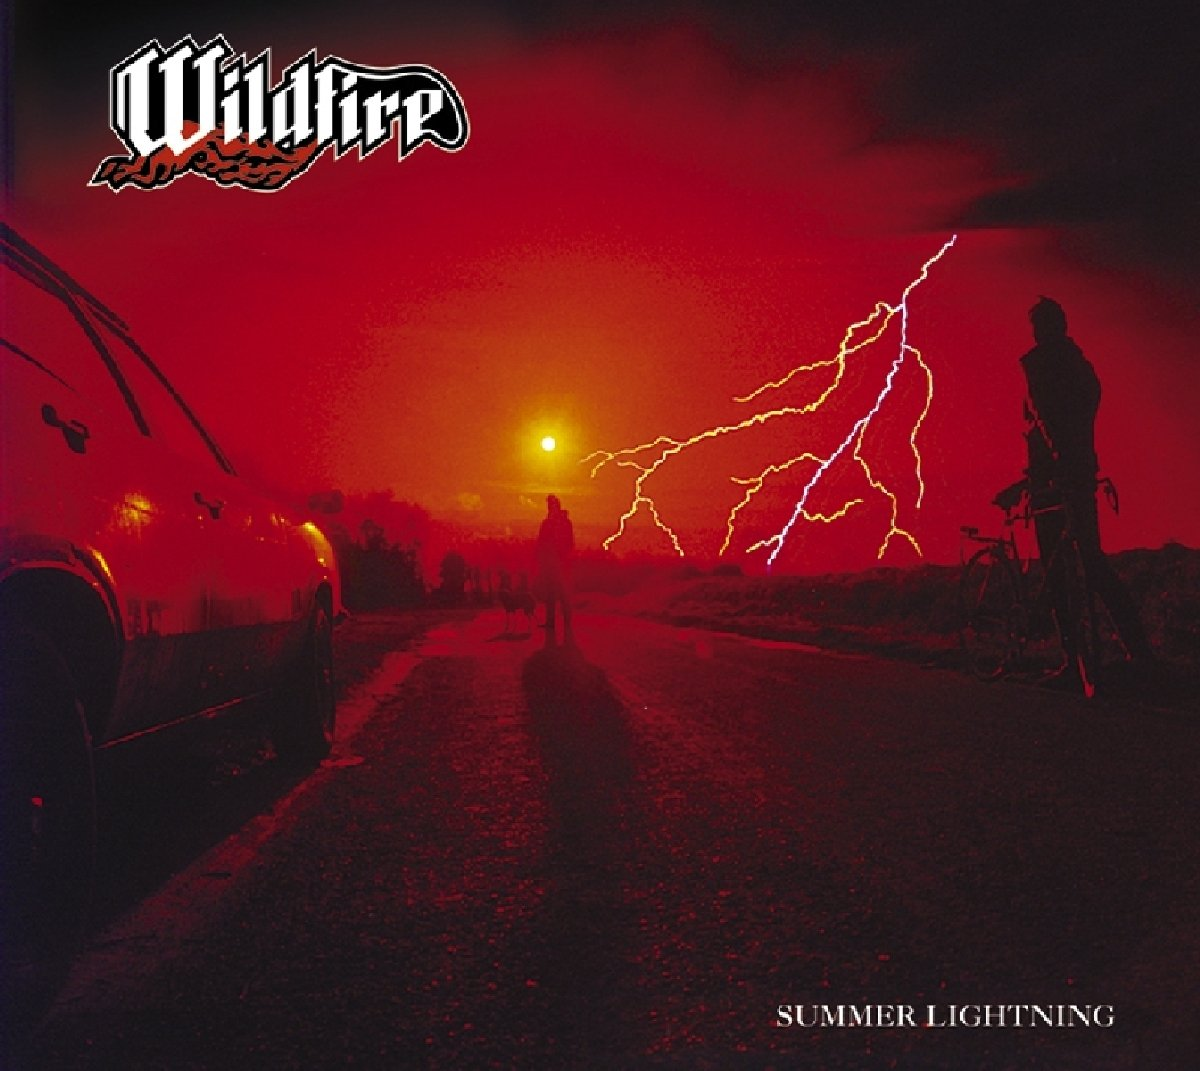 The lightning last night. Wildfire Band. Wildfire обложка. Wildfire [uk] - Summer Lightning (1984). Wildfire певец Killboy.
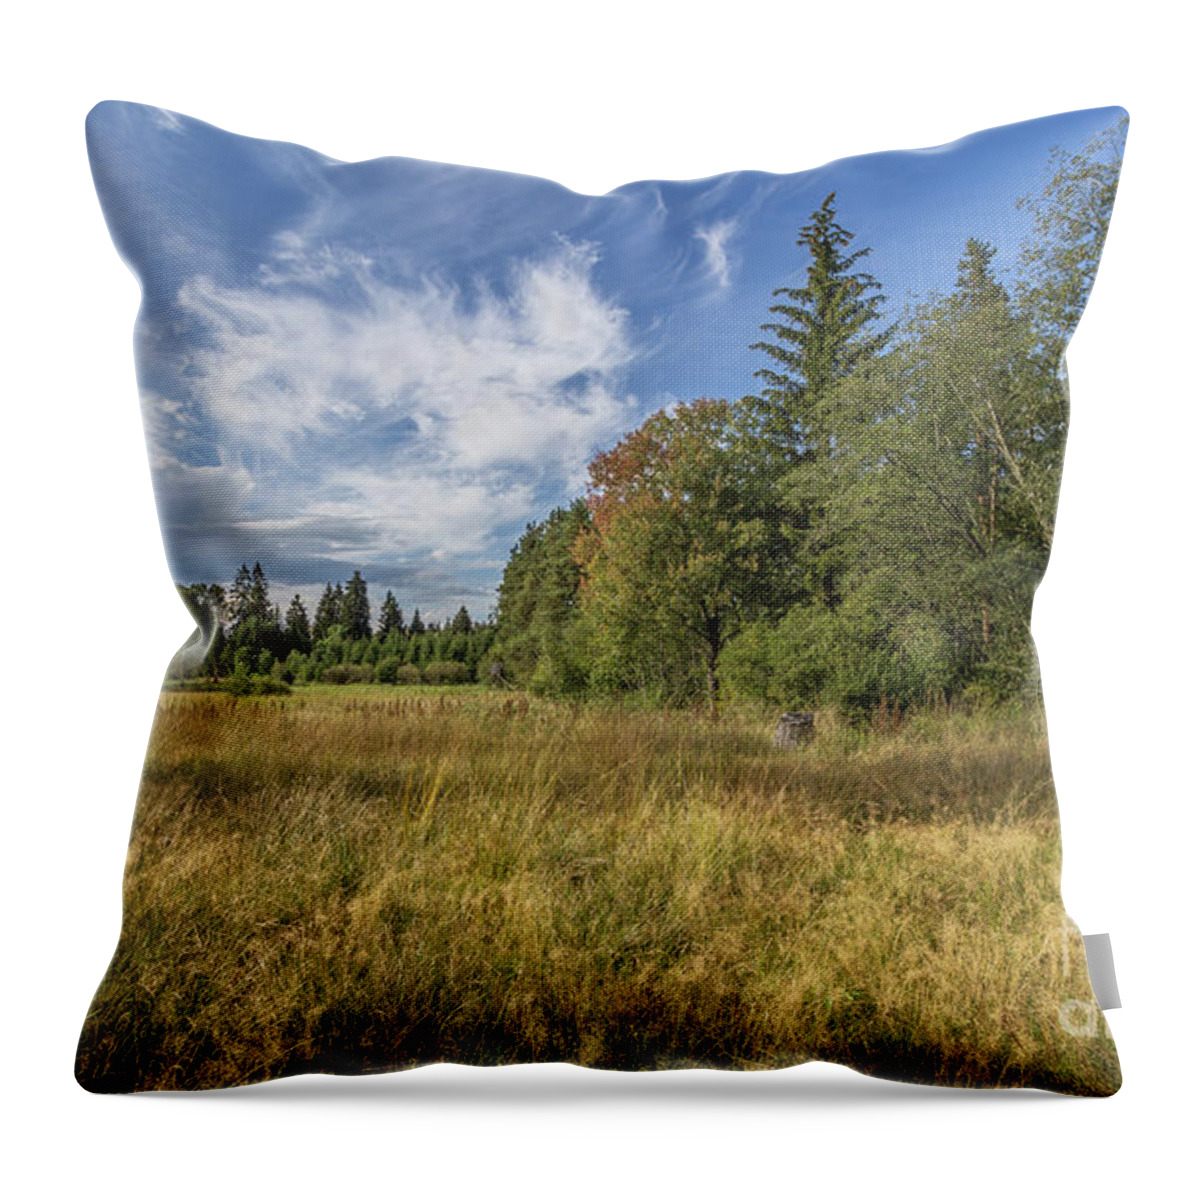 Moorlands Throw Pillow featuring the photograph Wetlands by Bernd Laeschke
==
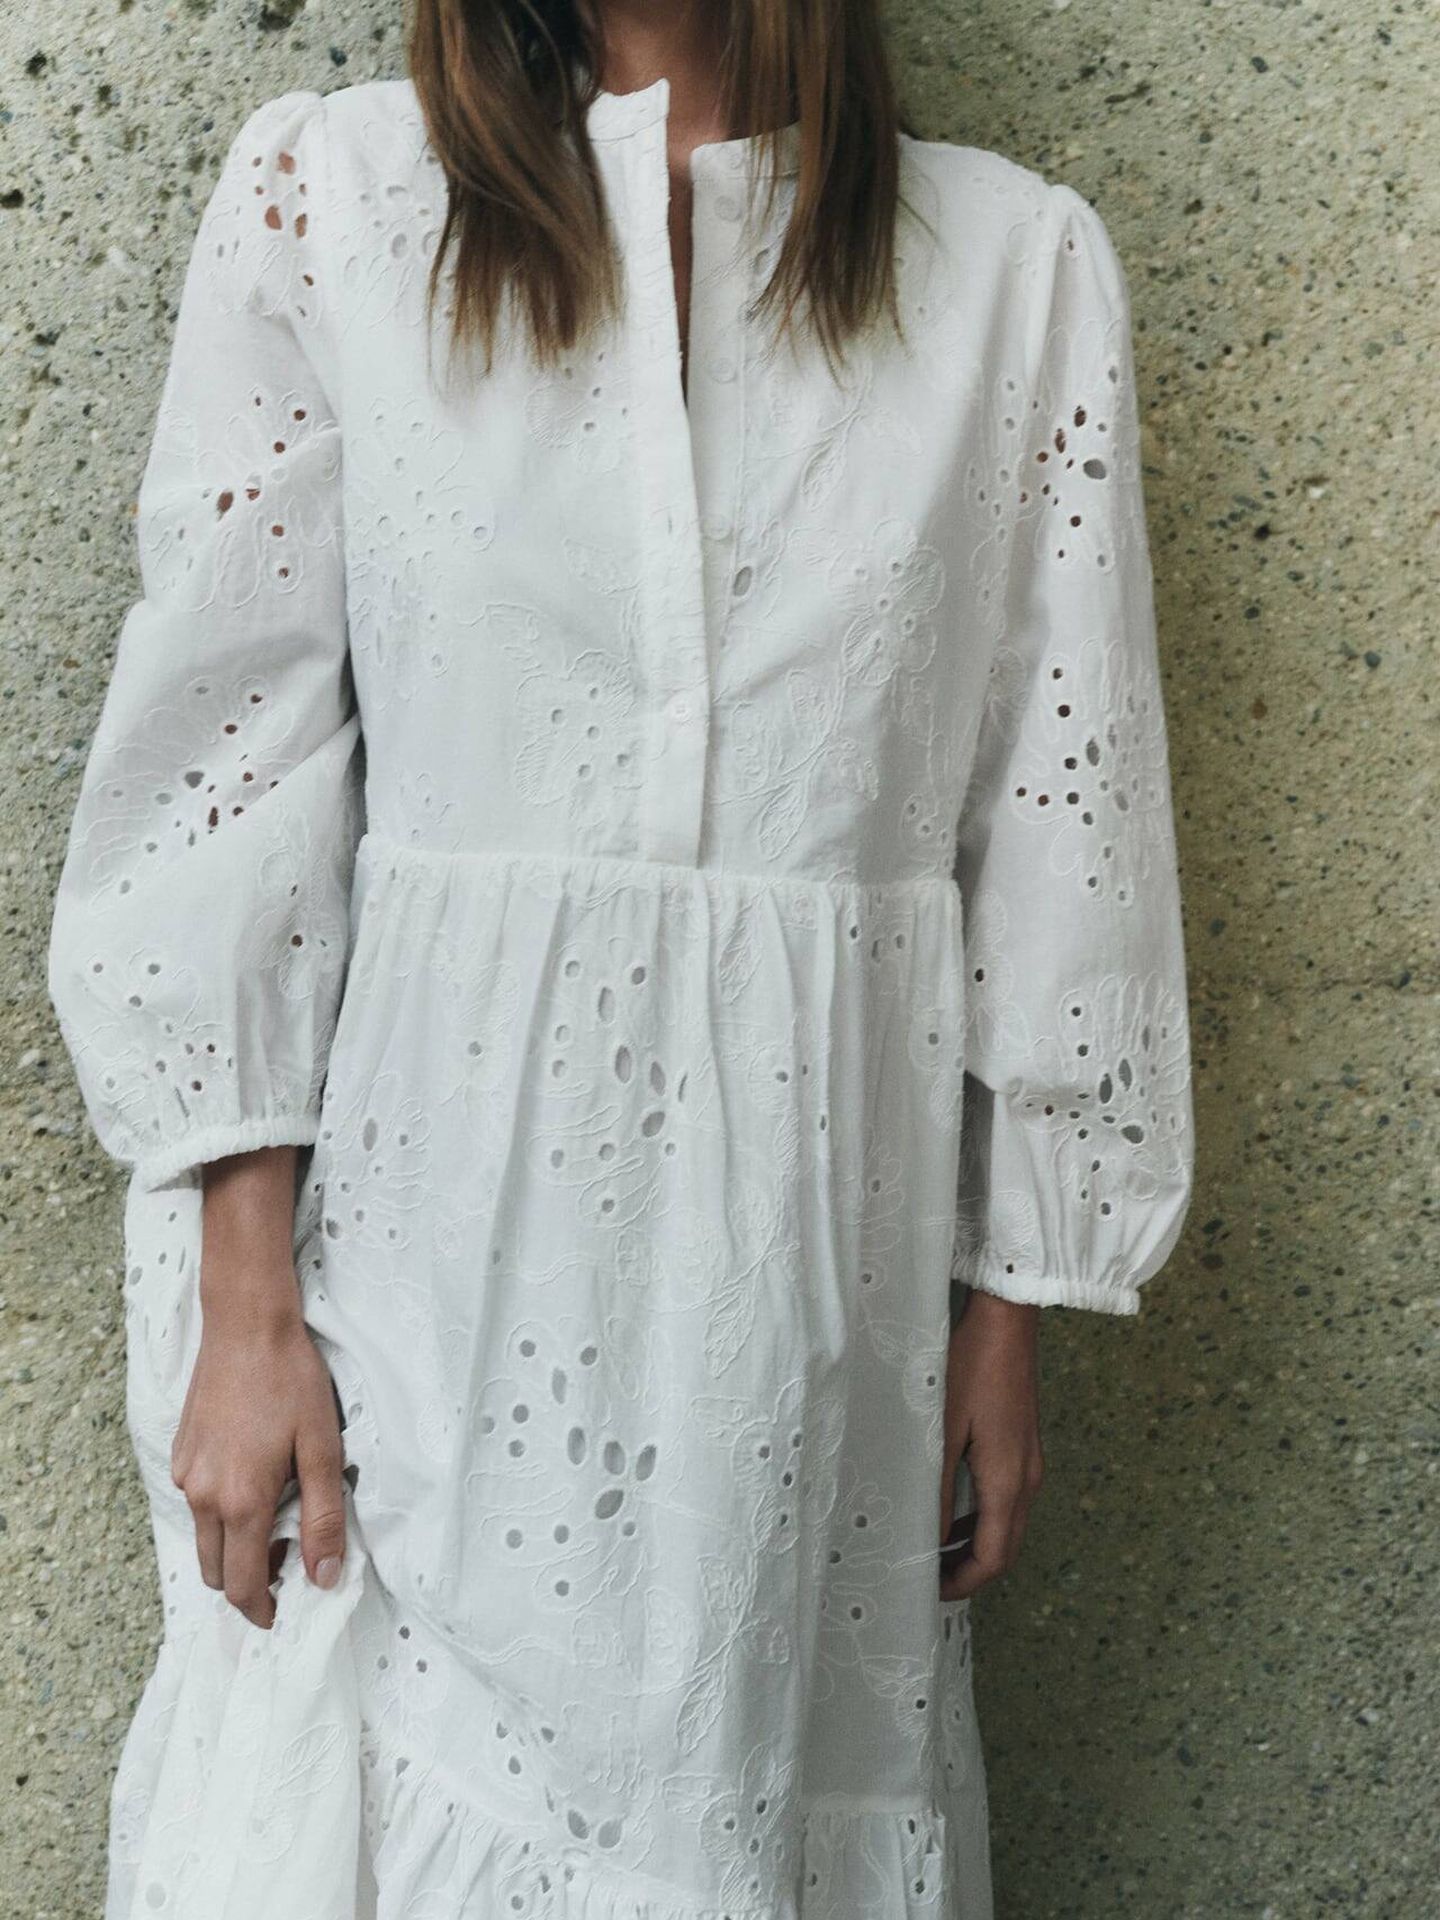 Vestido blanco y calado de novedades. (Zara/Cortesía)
...
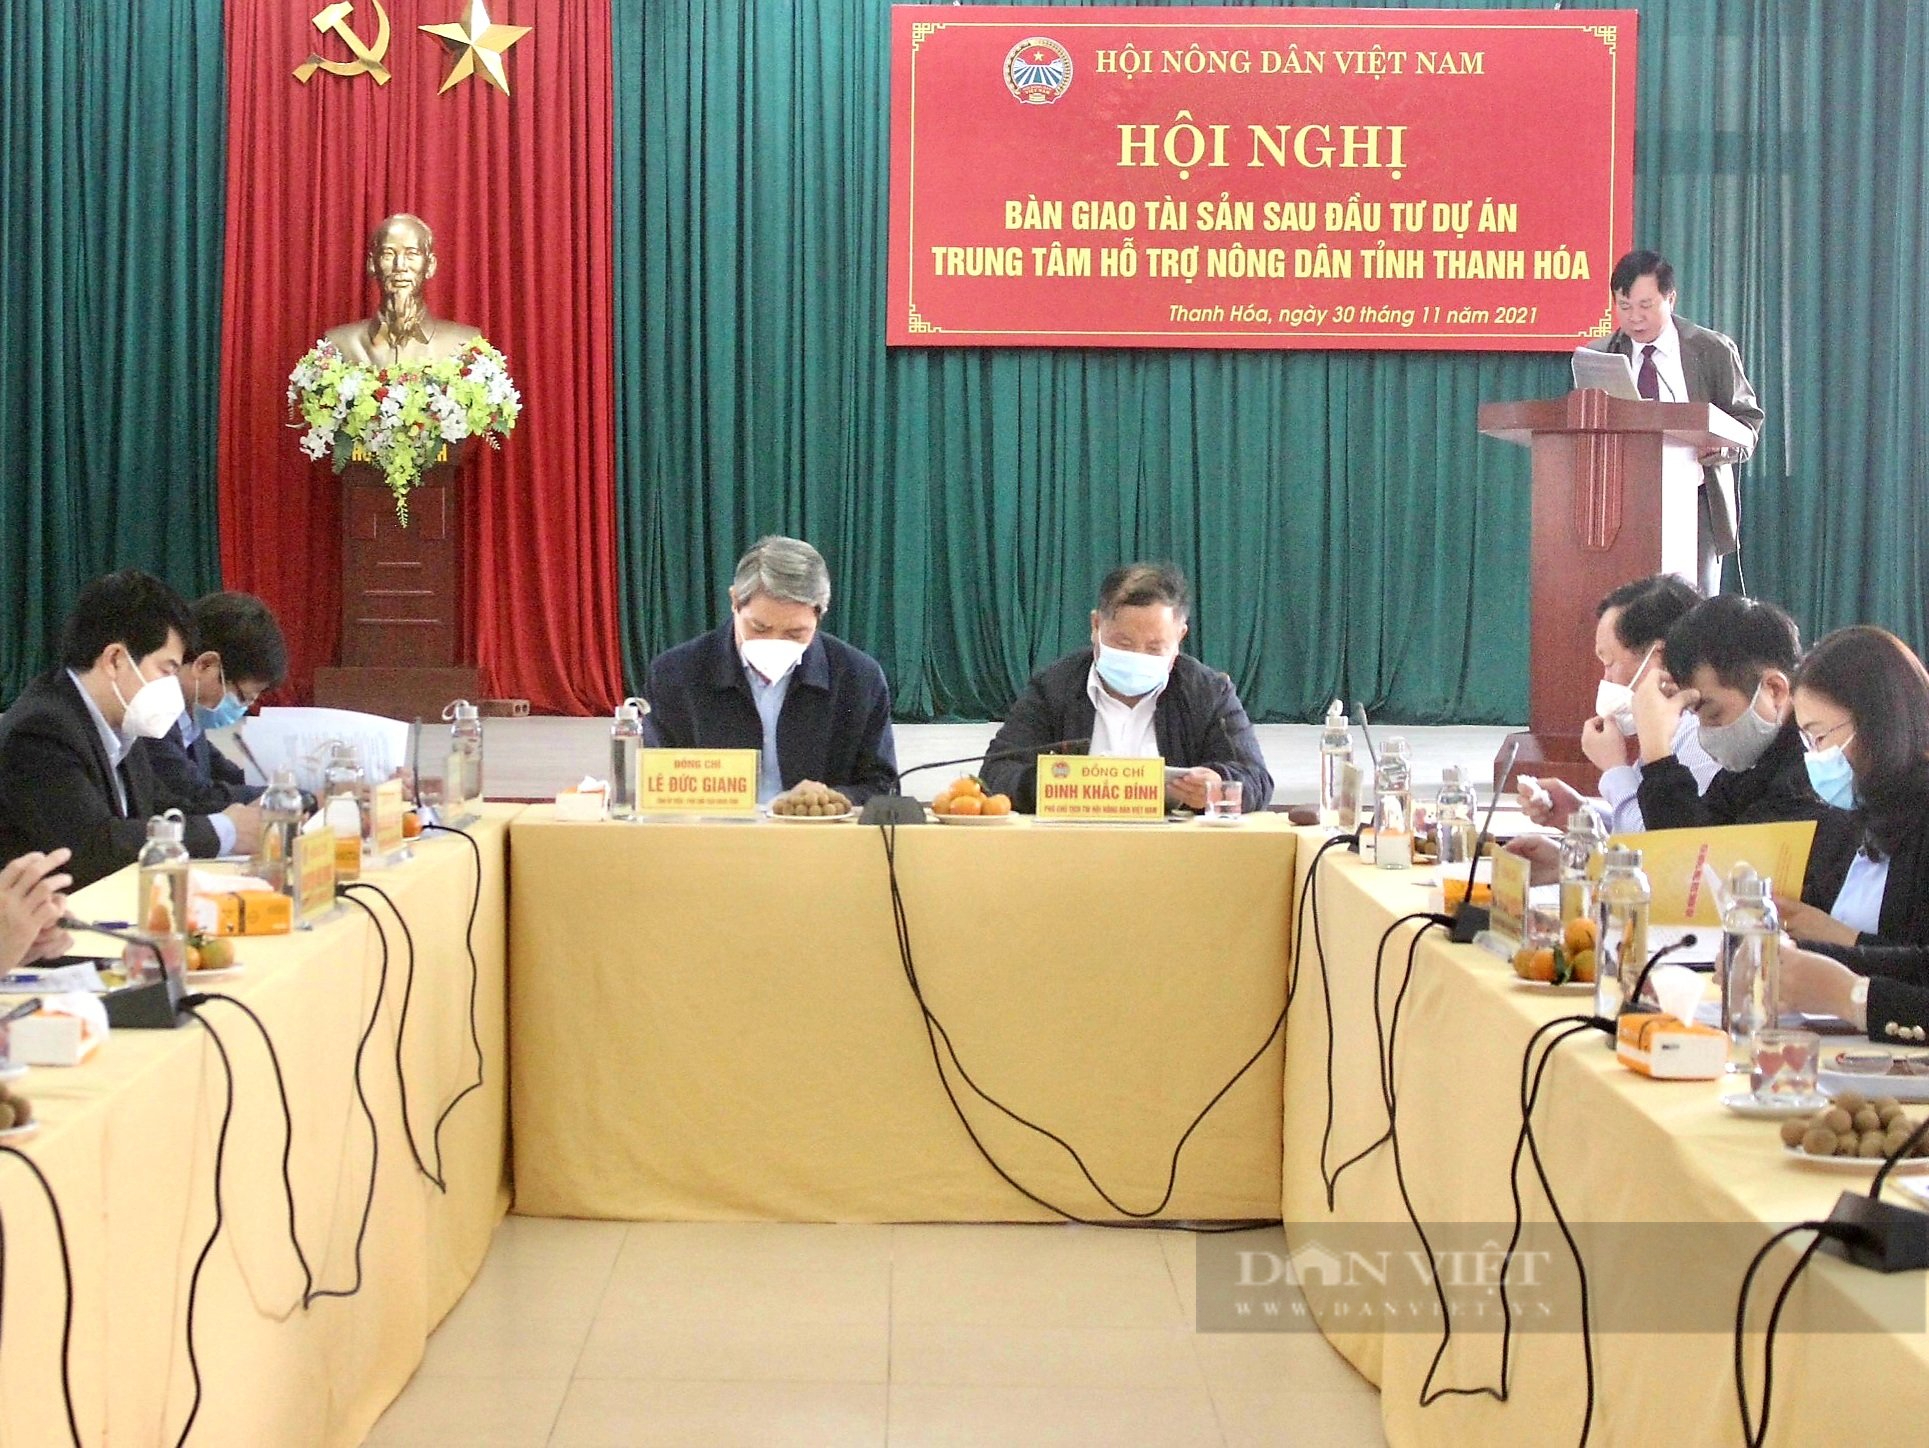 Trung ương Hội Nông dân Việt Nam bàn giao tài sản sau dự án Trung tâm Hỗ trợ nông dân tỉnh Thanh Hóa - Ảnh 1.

### TASK REQUIREMENTS
Only one stretch of the entries above is needed: the lines from the one containing "The lightning last" through the one containing "Moorlands Throw Pillow". Copy it exactly, without the pictures.

### ANSWER
 The lightning last night. Wildfire Band. Wildfire обложка. Wildfire [uk] - Summer Lightning (1984). Wildfire певец Killboy.
 Moorlands Throw Pillow featuring the photograph Wetlands by Bernd Laeschke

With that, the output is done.